Without the pictures, set down every line of the data exactly.

Data excerpt>
-------

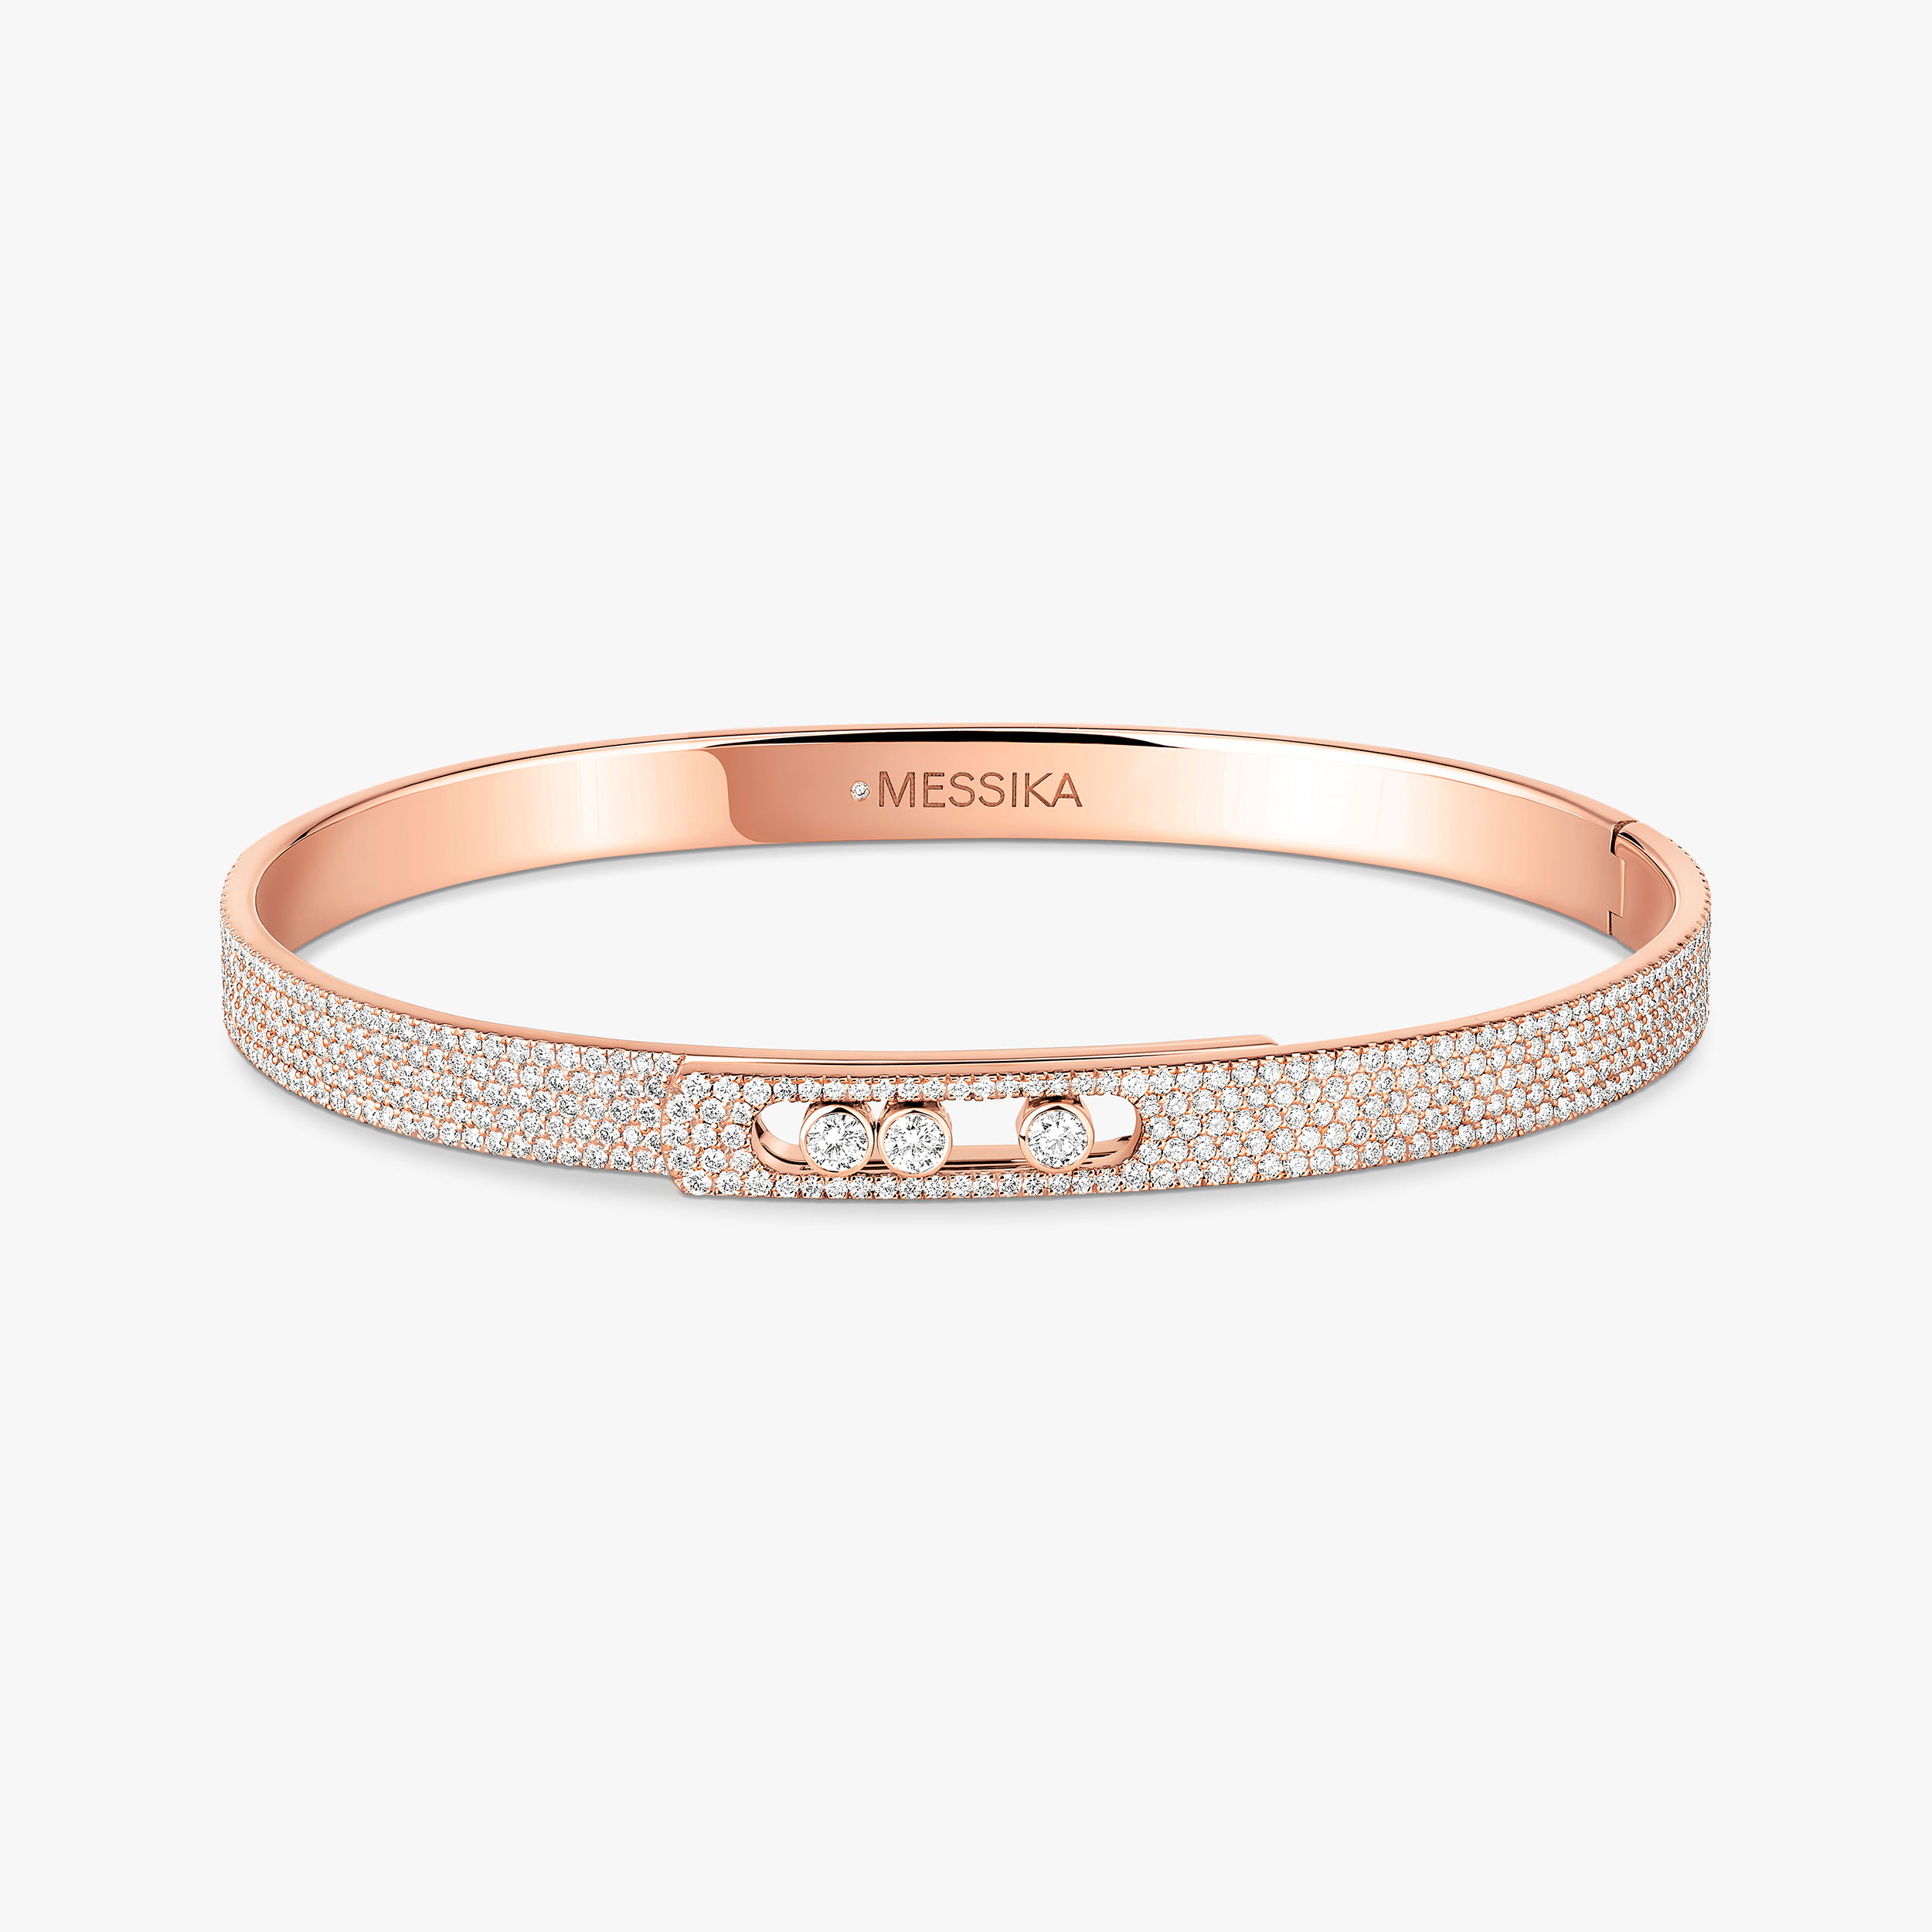 Move Noa PM Full Pavé Bangle Pink Gold For Her Diamond Bracelet 12721-PG
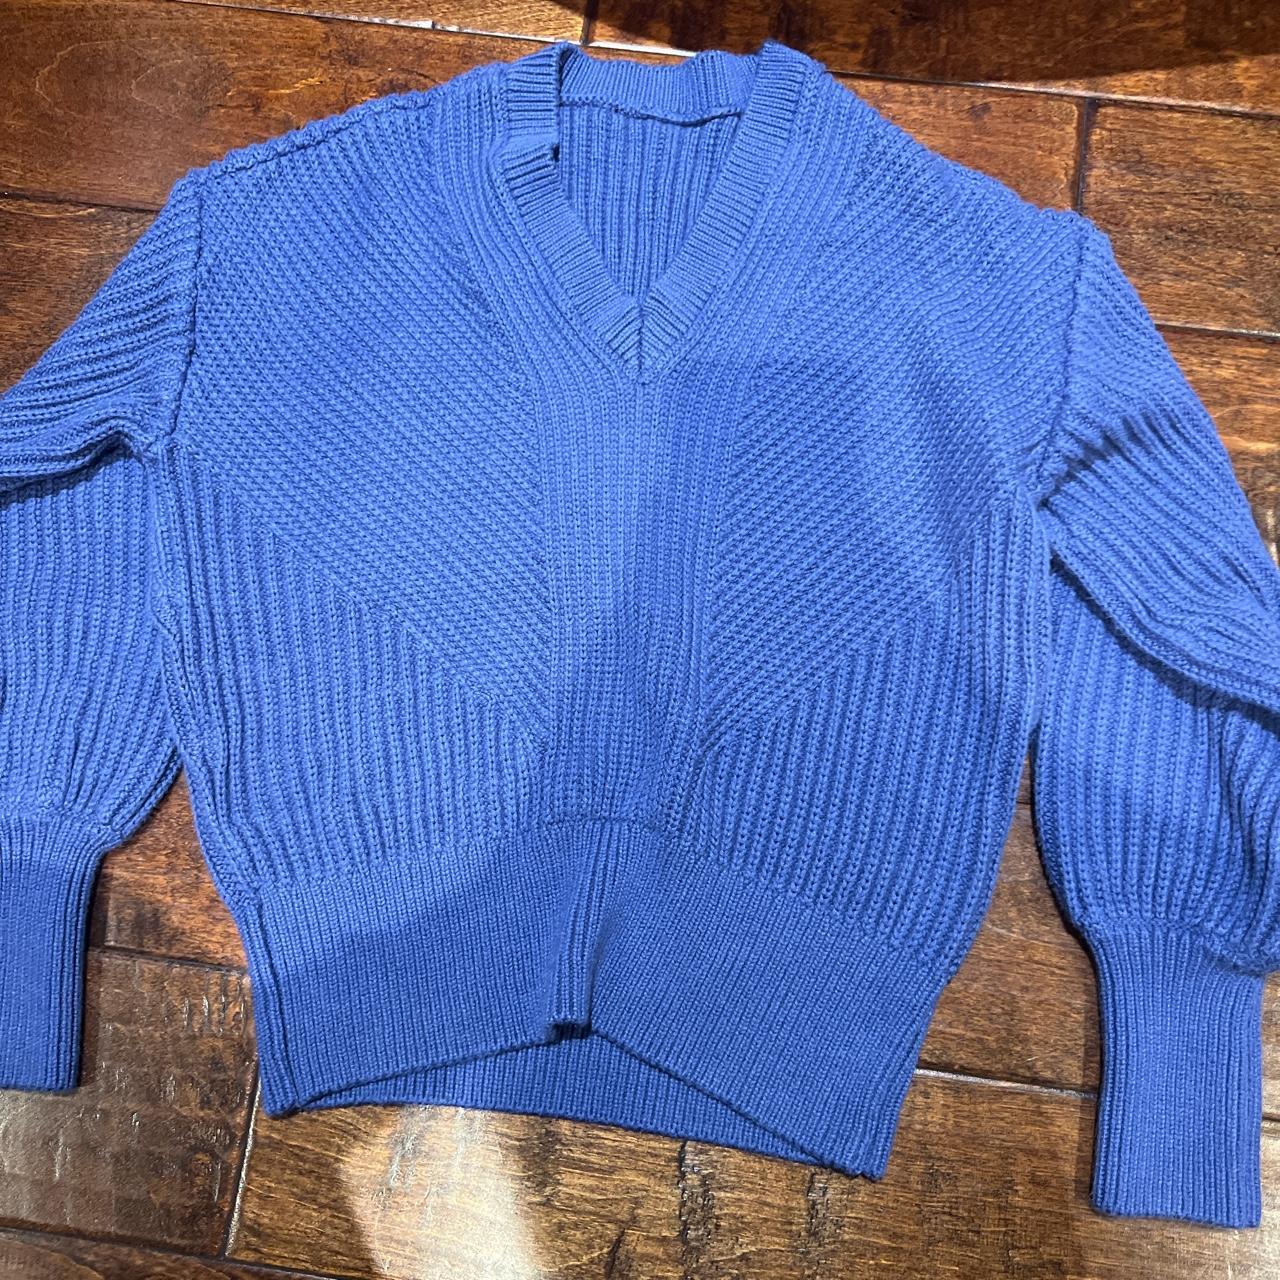 Royal blue sweater - Depop
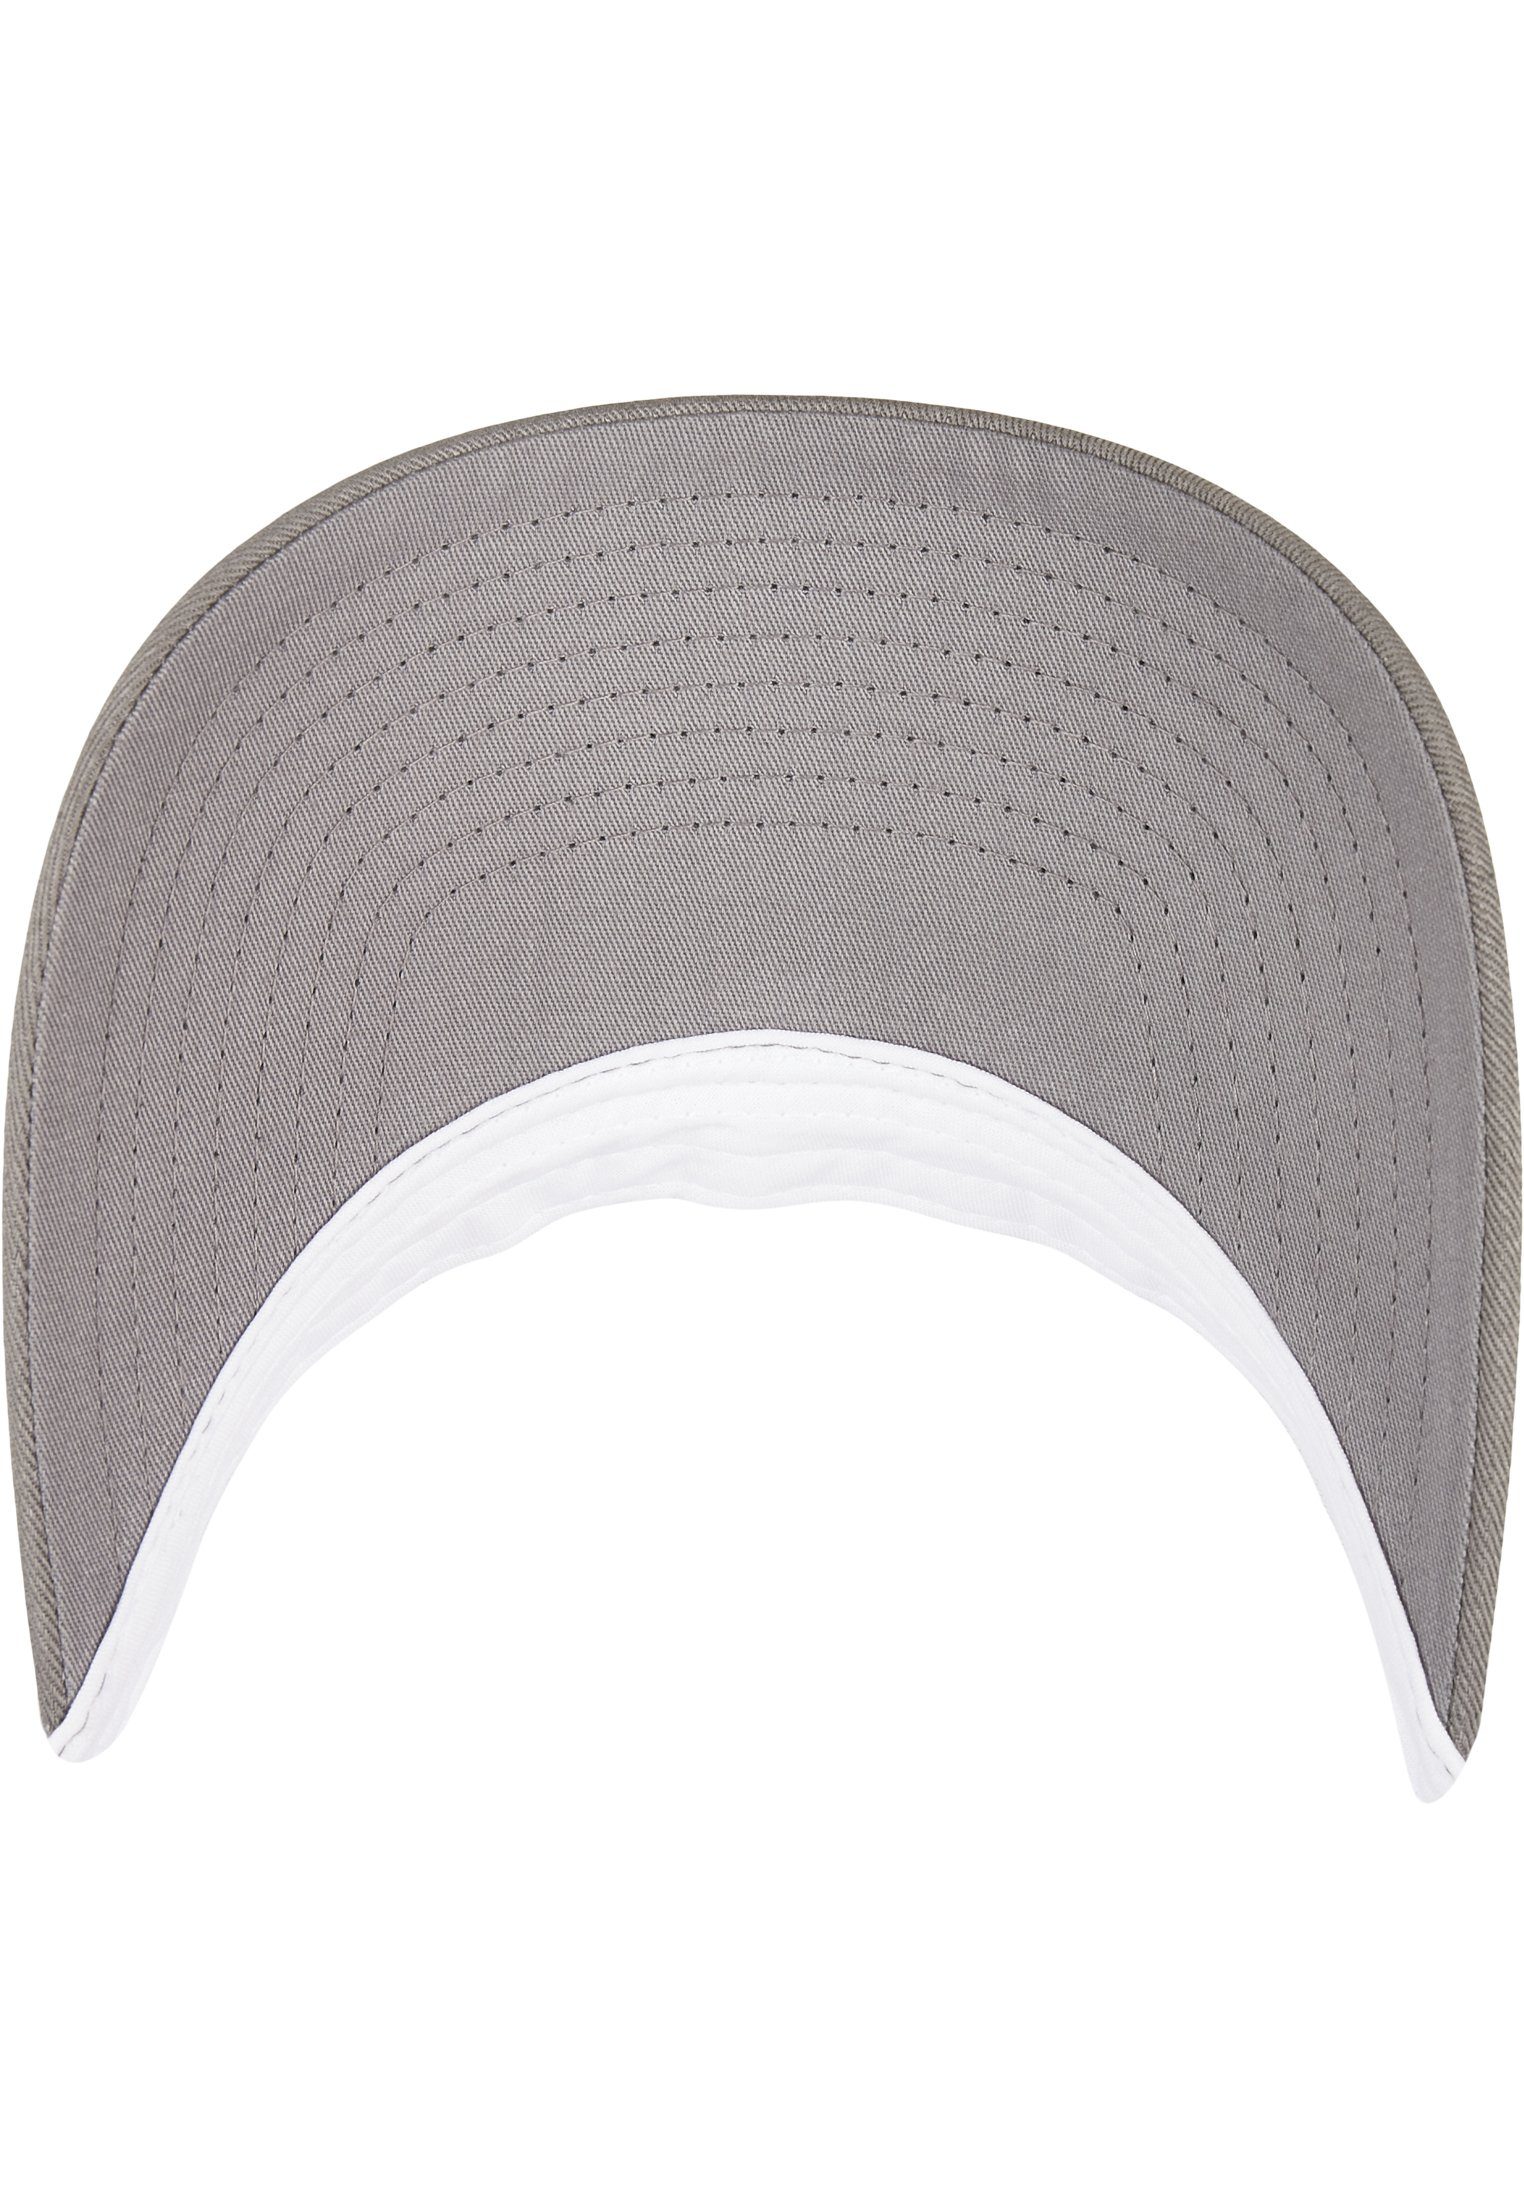 RETRO Flexfit CLASSICS TRUCKER Caps CAP RECYCLED 2-TONE Flex YP Cap grey/white

-------

Reply>
 Move Noa PM Full Pavé Bangle Pink Gold For Her Diamond Bracelet 12721-PG
 Royal blue sweater - Depop
 RETRO Flexfit CLASSICS TRUCKER Caps CAP RECYCLED 2-TONE Flex YP Cap grey/white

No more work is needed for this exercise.